Lastly, there is recycling or the process of recovering raw materials and reusing them to make new products. There are 4 major groups waste is divided into for the recycling process: metal, plastic, paper, and glass. It requires labor to sort and separate the waste into appropriate categories. Particularly for plastic, there are subcategories of plastic recycling like: physical, chemical, and plastic pyrolysis recycling.


Physical plastic recycling involves melting the plastic into new products. Chemical recycling is the process of reverting the plastic back into a monomer with the possibility of reverting it to a virgin plastic polymer. Plastic pyrolysis is the process of converting plastic into petroleum fuel. The recycling process involves specialized facilities and additional energy costs.

While these methods are popular, they are not without their own disadvantages. Recycling has long been touted around as the best method of sustainable waste disposal, there is a caveat when it comes to recycling plastic. Plastic polymers are very hard to break down so it would require supplementing great amounts of energy and water to do so. Only limited special facilities can process them as well. The extra shipping, processing and handling costs do not contribute to a lesser impact to the environment as perceived by the general public.

Furthermore, recycling plastics has a limited lifecycle, as reusing plastic polymers shortens its polymer chain and weakens it. While it may seem chemical recycling would solve this complication, it is actually an additional demerit. Chemical recycling releases toxic chemicals into the environment and should not be considered as a viable form of recycling plastics.

Nitrile gloves are indeed challenging to recycle compared to some other materials due to their composition and the limited recycling infrastructure for them. Nitrile gloves are made from a synthetic rubber called nitrile, which is not as readily recyclable as some other materials like paper, plastic, or aluminum. While there are some specialized recycling programs and companies that can handle nitrile gloves, they typically require a more complex and energy-intensive recycling process compared to simpler materials. These processes may not be widely available or cost-effective.

As for landfills, there is an obvious disadvantage. More than half our waste is dumped in landfills and we are running out of space. Beyond the issue of space is the production of methane gasses and the potential of waste leakage into groundwater. It is the slowest method of waste disposal too. Yet the faster method of waste disposal, incineration, has its own drawbacks. Burning waste can emit toxic gasses and additional greenhouse gasses.

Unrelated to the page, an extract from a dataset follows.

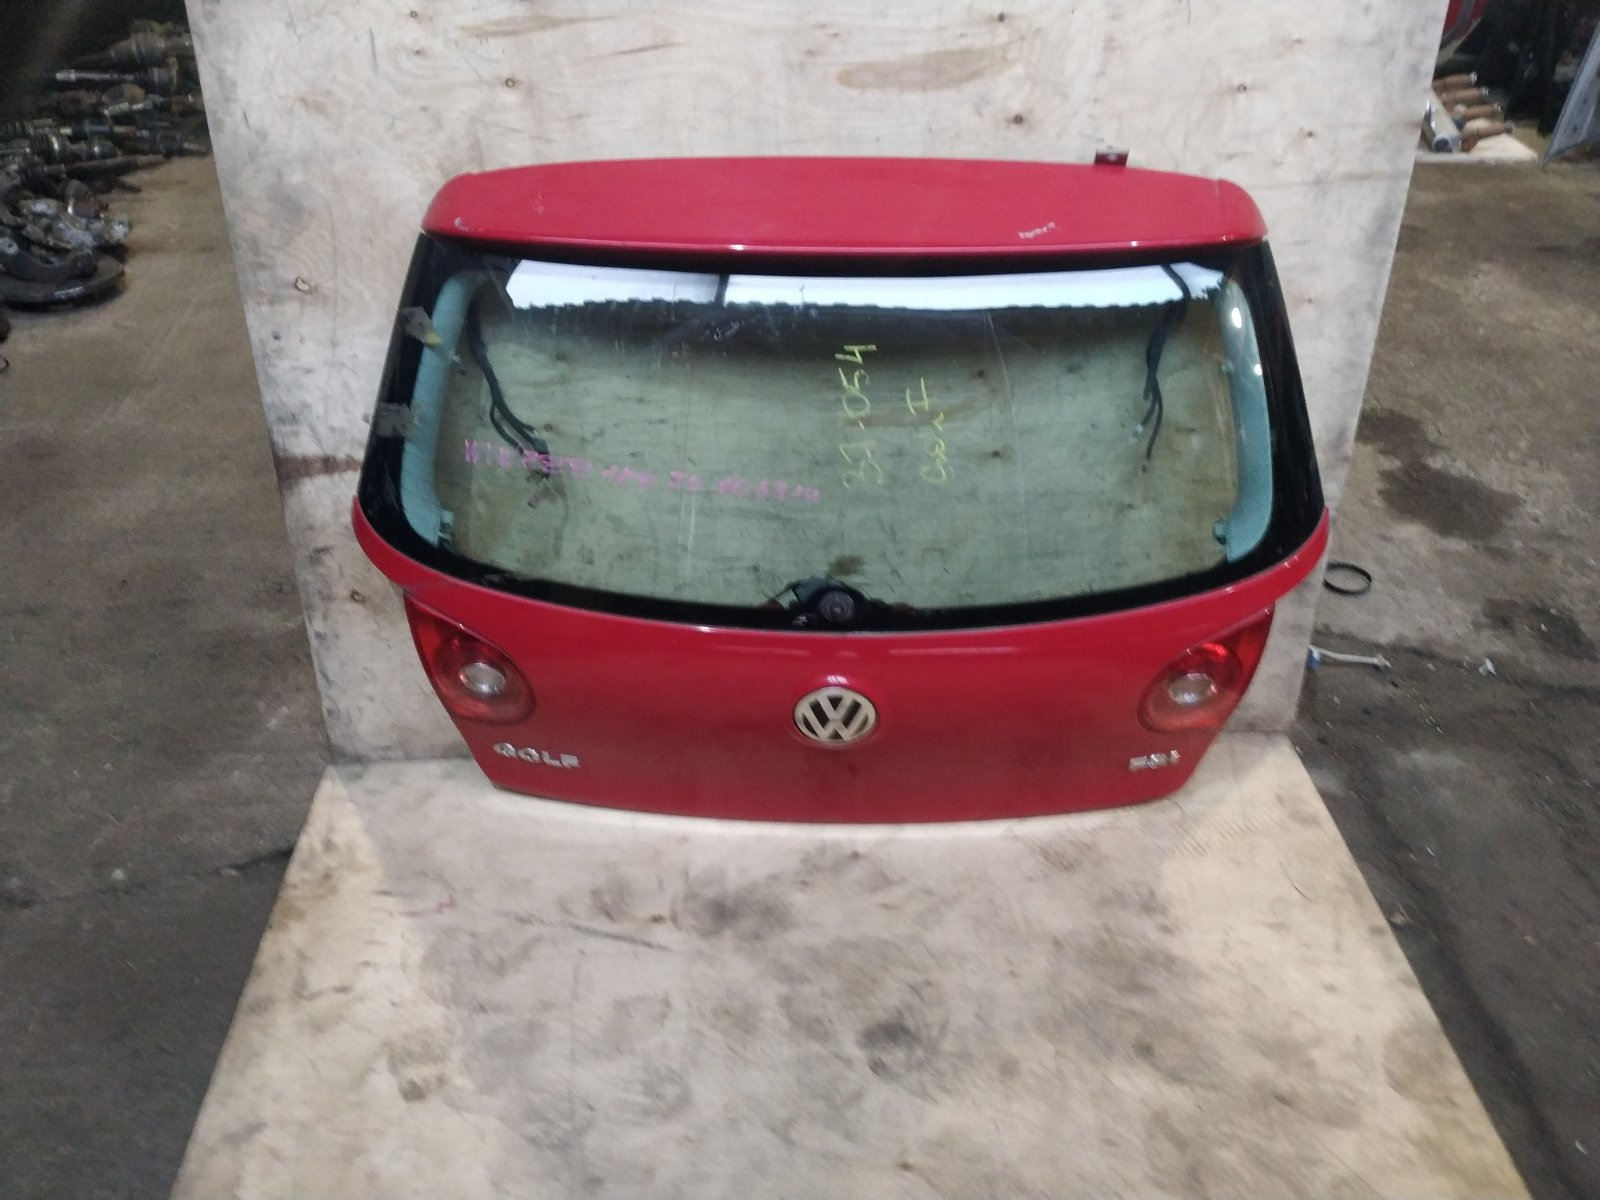 Дверь багажника Volkswagen Golf 5 ХЭТЧБЭК 2001 (б/у)

Furthermore, the ashes from the waste must still be disposed of in landfills. In conclusion, there is no perfect sustainable way in disposing of plastic waste. We must continue to push for creating high quality durable products with long lifecycles and avoid the creation of preventable waste.

Uncontaminated nitrile gloves can typically be disposed of in a landfill. The exact time it takes for a traditional nitrile glove to degrade in a landfill can vary depending on environmental conditions, such as temperature, moisture levels, and microbial activity within the landfill. However, it is generally estimated that nitrile gloves can persist in a landfill for several decades to over a century, and in some cases, they may not degrade significantly at all.